Ta-Nehisi Coates, Race Relations, Post-Charlottesville, and the Jews

Ta-Nehisi Coates’ long essay in the “Atlantic”—“The First White President: The Foundation of Donald Trump’s Presidency is the Negation of Barack Obama’s Legacy” (October, 2017), —is in my view the most revealing about the current state of race relations, in the U.S. but with global implications, since James Baldwin’s “The Fire Next Time” was published in the New Yorker in 1963. In Coates’ view, Trump’s “post-modern presidency” and anti-black racism in the White House are synonymous. Jews reading it are asking themselves the question: Which Side Am I On?
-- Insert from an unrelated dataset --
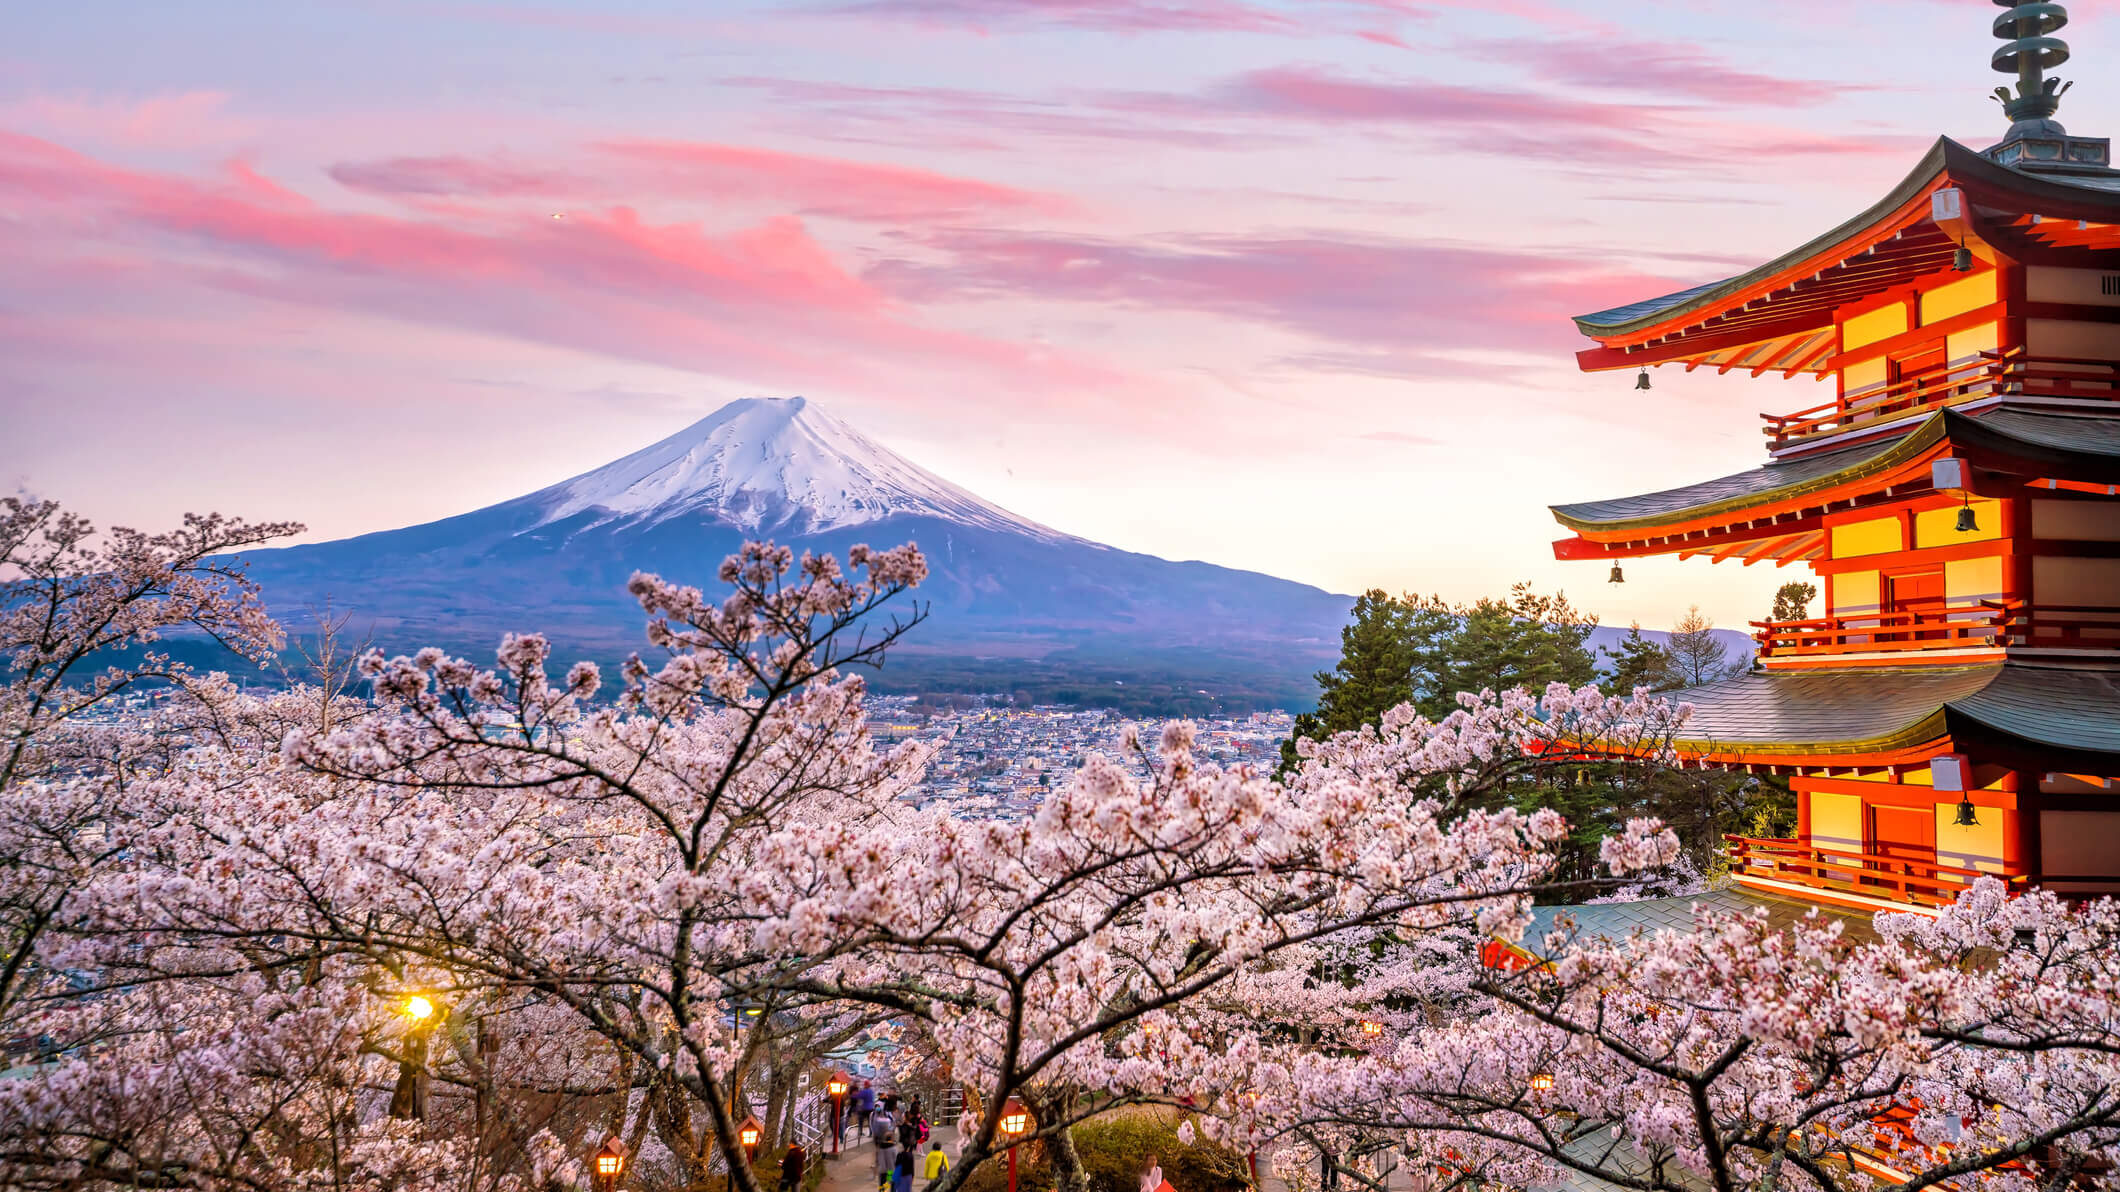 Mount Fuji and Red Pagoda

It has taken a long time for African American writers to achieve what political scientists call “agency”—the ability to shape proactively their careers. Born in poor Baltimore, Coates is the son of a self-empowered father—a Vietnam veteran and Black Panther who started his own “black-oriented” publishing company. Coates emphasizes that he grew up in his father’s, not his school teacher mother’s, immediate household, learning an ethic of black masculine pride, although not graduating college. Coates faced some criticism in 2016 about the purchase of a $2.1 million Brooklyn Brownstone. Yet nobody doubts that he calls his own shots professionally. Both empowered and self-empowered, Coates is a beneficiary, albeit ambivalent, of the successes of the Civil Rights Movement of the 1960s.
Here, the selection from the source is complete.